Capítulo 54: Foi ele quem fez isso.

Senhor Jin, sua esposa fugiu novamente com a filha! Meio quilo 2557 palavras 2026-01-17 04:50:16

Lu Ying foi diretamente de carro ao shopping, onde Yan Xia já a esperava.

Assim que tirou o casaco, Yan Xia observou sua barriga: “Ainda está lisinha.”

“Não é tão rápido assim,” Lu Ying se acomodou no sofá, “pelo menos só vai aparecer depois de três meses completos.”

Yan Xia serviu um suco para ela: “Caiu bem com a primavera, né? Assim que tirar a roupa, a barriga aparece e todo mundo vai saber.”

“...”

Yan Xia a encarou: “Já pensou em como vai lidar com isso?”

“Lidar com o quê?” Lu Ying resmungou, “É meu, ninguém vai tirar de mim.”

Yan Xia balançou a cabeça: “Seu marido só te mostra o melhor dele. Você sabe como ele lida com quem te machuca?”

É impiedoso.

Lu Ying respondeu: “Por isso que eu nunca tive coragem de terminar com ele.”

Pensava em uma separação pacífica, ao menos preservando a amizade de infância. Caso contrário, como ela poderia competir com Jin Beizhou?

“Estamos falando de uma criança,” Yan Xia não estava tão tranquila, “se aquele bebê da Jin Meimei não sobreviveu, imagina o valor do seu?”

Lu Ying ficou tensa: “Esse é o meu bebê, não vou deixar que ele seja uma peça no tabuleiro da família Jin, herdando tradições que não lhe pertencem.”

Já que decidiu ter o bebê, queria que ele crescesse livre, aprendendo a amar e ser amado, experimentando as pequenas surpresas e alegrias da vida.

Ele não seria como Jin Sinian e Jin Beizhou, com as mãos e pés amarrados, obrigado a servir à família.

Lu Ying queria criar seu filho com os valores que recebeu dos pais e do avô.

“Jin Meimei logo termina o resguardo,” Yan Xia disse, “Ouvi dizer que os avós perguntaram por que ela insistiu tanto em manter a gravidez. Você não imagina o que aquela desgraçada respondeu...”

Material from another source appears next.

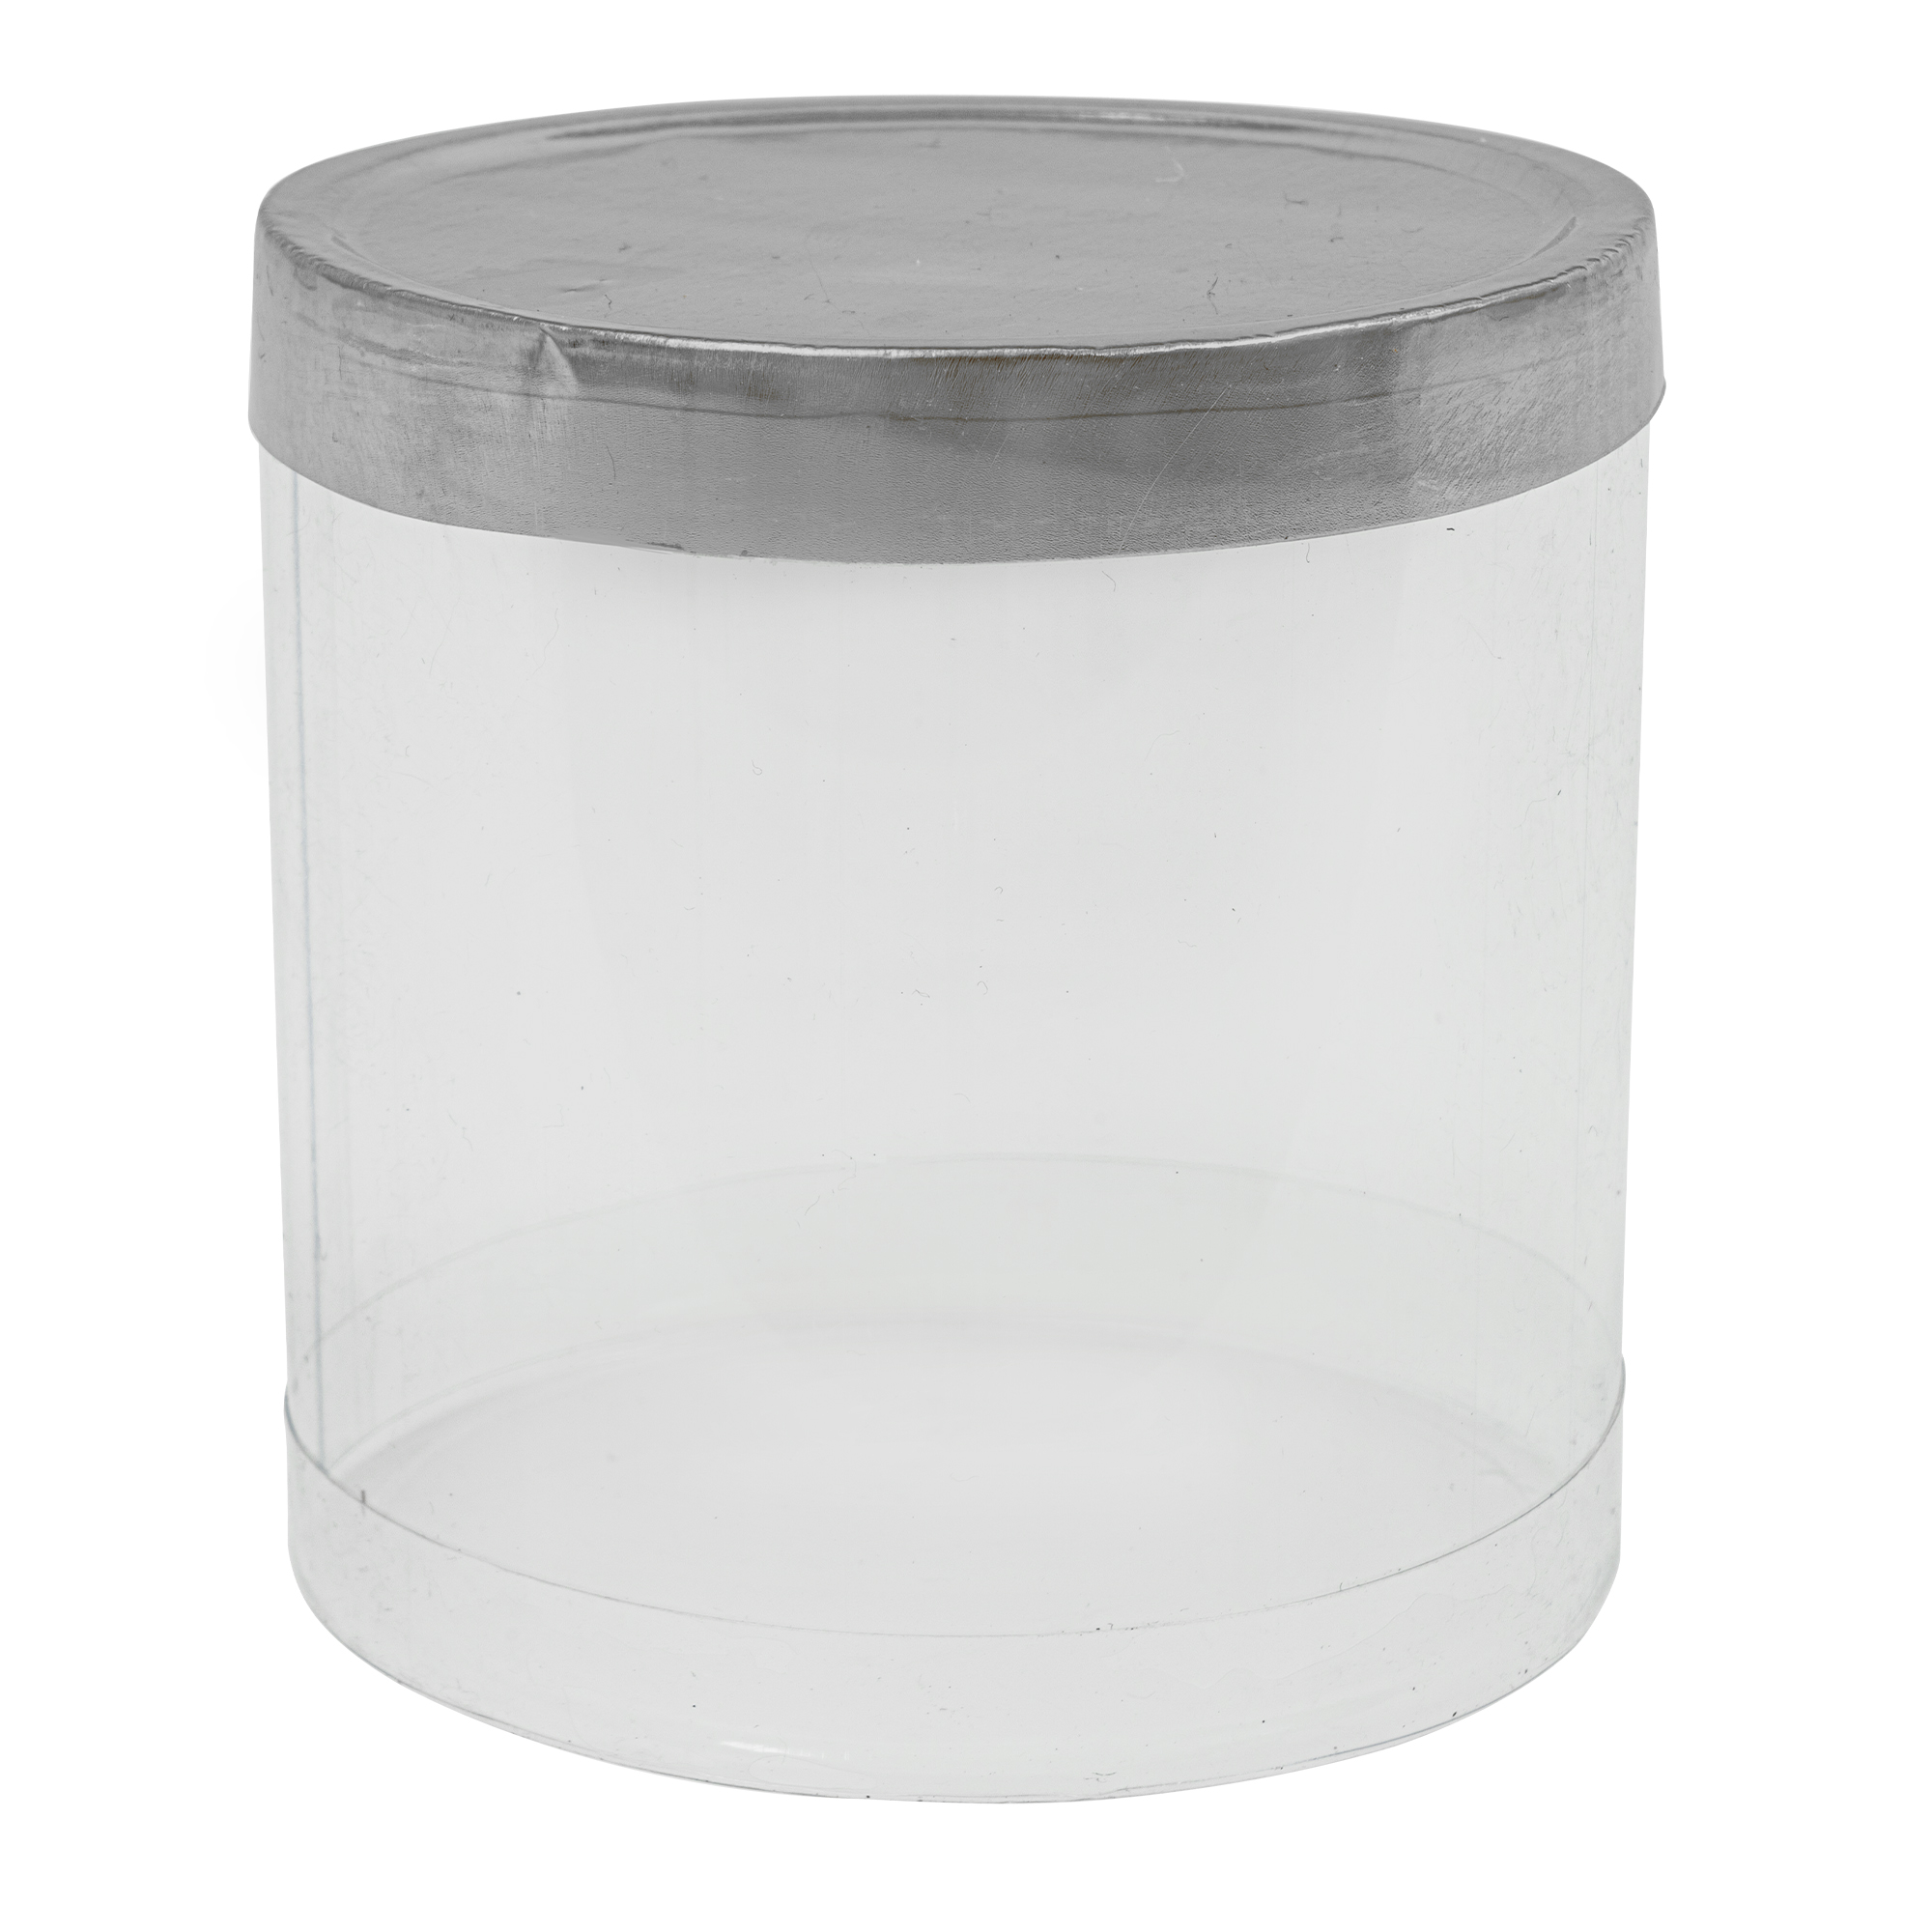 Cylinder PVC Container 4" 6pc/pack - Silver

Lu Ying a repreendeu: “Você ainda fala palavrão.”

Yan Xia bateu na própria boca, arrependida.

“Ah, deixa pra lá. Nosso bebê é forte, nada de ruim chega perto,” Yan Xia tagarelou, “Ela disse que era para manter a estabilidade da filial da família Jin no exterior, queria logo dar um herdeiro à família Yi, garantir os direitos de tecnologia.”

Lu Ying sentiu um enjoo profundo.

Yan Xia continuou: “Os velhos ficaram tão comovidos! E com o aniversário dela chegando, vão fazer uma grande festa.”

“Não fala mais deles,” Lu Ying baixou a cabeça e começou a comer, “Só de ouvir já fico irritada.”

Yan Xia bateu na mesa: “O ponto principal!!”

“...”

Depois de tanto falar, ainda não era o ponto principal?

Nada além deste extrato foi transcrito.